Опираясь на то, что Вы говорите в письме Вашем от 21-го числа прошедшего месяца, а именно: что друзья могут без всякого ущерба для своих дружеских отношений расходиться во взглядах на индифферентные предметы, я выскажу Вам прямо все, что я думаю о тех доводах и рассказах, из которых Вы выводите свое заключение, что существуют духи всевозможных видов, за исключением, быть может, духов женского рода. Причина, по которой я не отвечал Вам раньше, состоит в том, что я не имел под рукою названных Вами книг, да и достать мне удалось только Плиния и Светония. Но зато эти две книги избавят меня от труда отыскивать остальные, ибо я убежден, что все они бредят на один манер и чувствуют пристрастие к рассказам о необыкновенных вещах, которые ошеломляют людей и вызывают в них изумление. Признаюсь, я не мало удивлялся, только не самим рассказам, а тем, кто писал эти рассказы. Удивляюсь я тому, что люди, одаренные умом и рассудительностью, тратят свое красноречие и злоупотребляют им для того, чтобы убеждать нас в подобных пустяках!
574
Однако, оставим авторов и приступим к самому делу. Прежде всего проанализируем слегка Ваш заключительный вывод. Посмотрим: я ли, отрицающий существование привидений, недостаточно понимаю вследствие этого авторов, писавших об этом предмете, или же Вы, признавая привидения, ставите этих писателей выше, чем они того заслуживают?
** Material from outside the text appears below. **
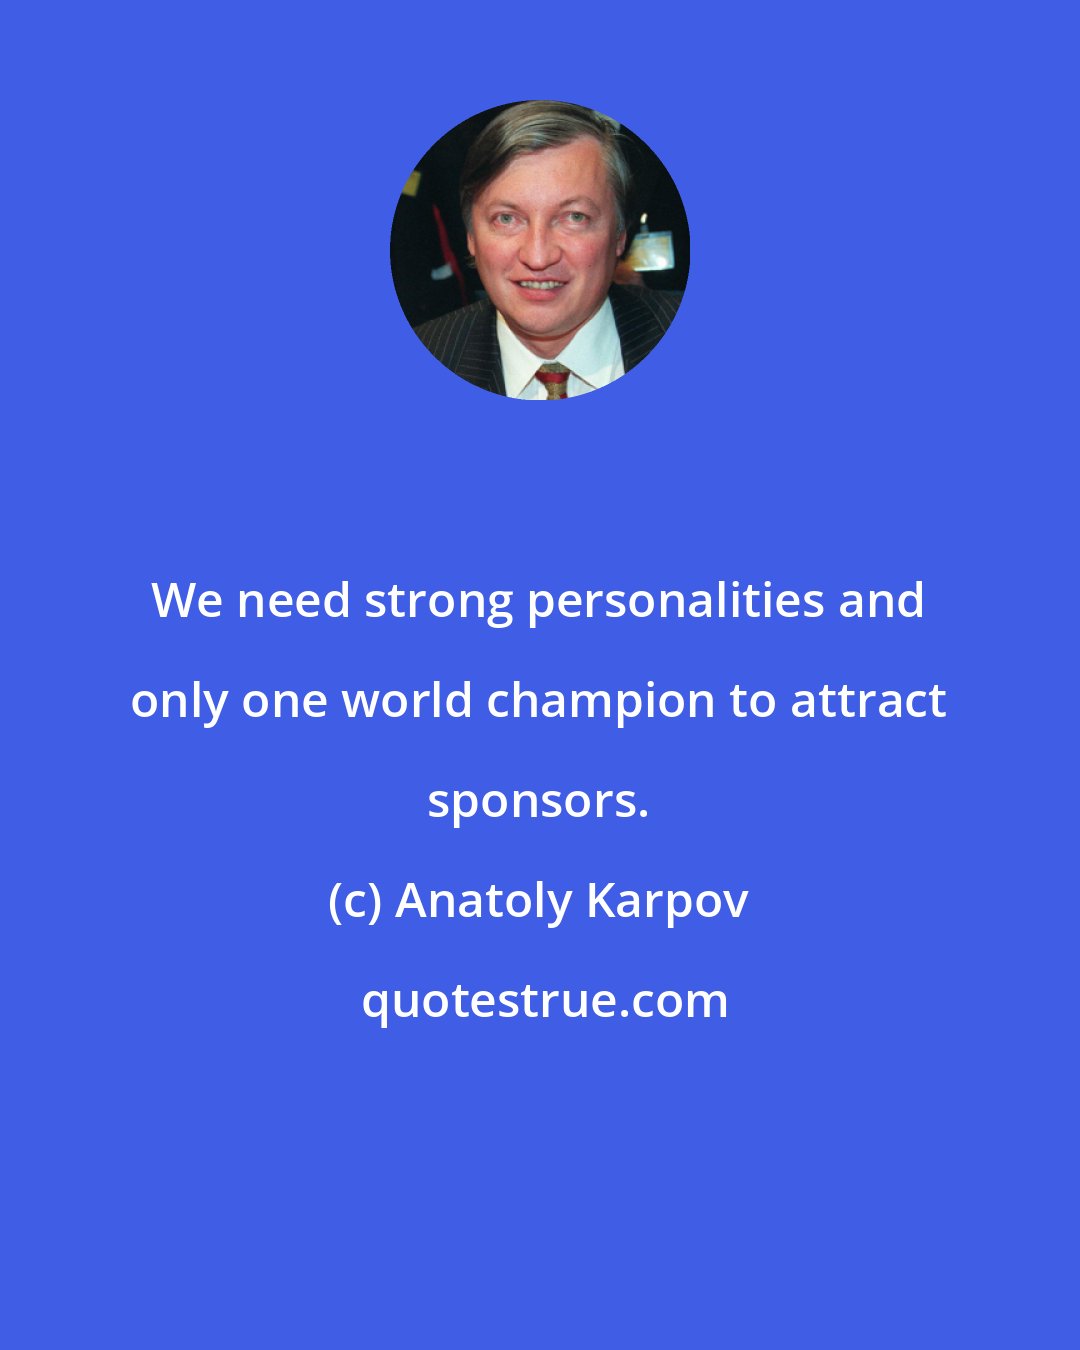 Anatoly Karpov: We need strong personalities and only one world champion to attract sponsors.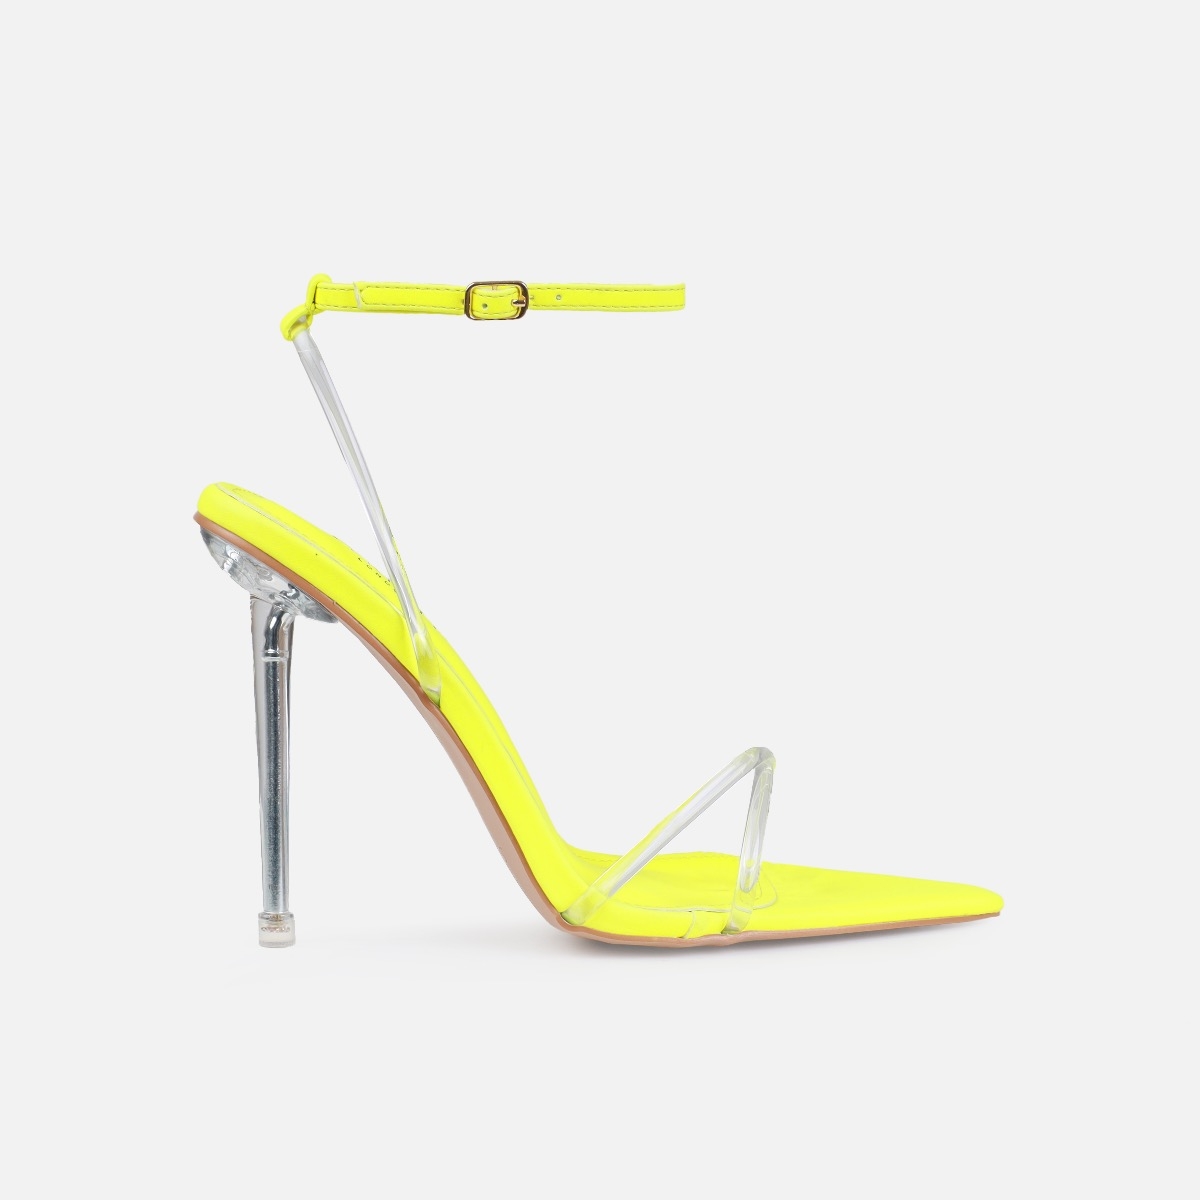 New Neon Yellow Strappy Heels Size 7 - $9 New With Tags - From Allison

То обстоятельство, что, с одной стороны, Вы не подвергаете никакому сомнению существование духов мужского пола, а, с другой стороны, сомневаетесь в существовании духов женского пола, кажется мне более похожим на фантазирование, чем на действительное сомнение. Ибо если бы таково было Ваше действительное мнение, то оно более соответствовало бы воображению толпы, которая утверждает, что бог мужского, а не женского пола. Удивительно, что те, которым привидения являлись в голом виде, не бросили взгляда на их половые органы, - из страха ли или, может быть, по незнанию, в чем состоит это различие.
Вы скажете, что это значит насмехаться, а не рассуждать, причем, я вижу, доводы Ваши представляются Вам настолько солидными и так хорошо обоснованными, что никто, по Вашему мнению, не может им противоречить, разве только тот, кто превратно полагает, что мир создался случайно. Вот это-то и заставляет меня, прежде чем я перейду к рассмотрению других Ваших доводов, высказать вкратце мое мнение относительно последнего вопроса, т.е. вопроса о том, случайно ли создан мир. Я отвечаю, что подобно тому, как несомненно то, что "случайное" (fortuitum) и "необходимое" (necessarium) суть два понятия, прямо противоположные, точно так же очевидно и то, что тот, кто считает мир необходимым следствием (effectus) божественной природы, вместе с тем безусловно отрицает, что мир произошел случайно (casu); тот же, кто говорит, что бог мог и не создать мира, утверждает, хотя и другими словами, что мир произошел случайно, так как это значит, что мир произошел из такого акта воли, которого могло бы вовсе не быть. Так как, однако, такое мнение и такая точка зрения совершенно абсурдны, то все единодушно признают, что воля бога вечна и что она никогда не была индифферентной; а потому они с необходимостью должны признать также и то (обратите на это внимание), что мир есть необходимое
575
следствие (effectus) божественной природы. Пусть называют это волей, интеллектом (умом, разумом) или каким угодно другим именем, но в конце концов они придут к тому заключению, что одну и ту же вещь они выражают различными именами. Ибо если спросить этих людей, не отличается ли божеская воля от человеческой, то они ответят, что первая не имеет с последней ничего общего, кроме названия, а в большинстве случаев они даже согласятся, что воля бога, его разум, его сущность или природа - все это есть одно и то же. Так и я, чтобы не смешивать божескую природу с человеческой, не приписываю богу никаких человеческих атрибутов, как-то: воли, разума, внимания, слуха и т.д. Таким образом, как я только что сказал, я утверждаю, что мир есть необходимое следствие божественной природы и что он не произошел случайно.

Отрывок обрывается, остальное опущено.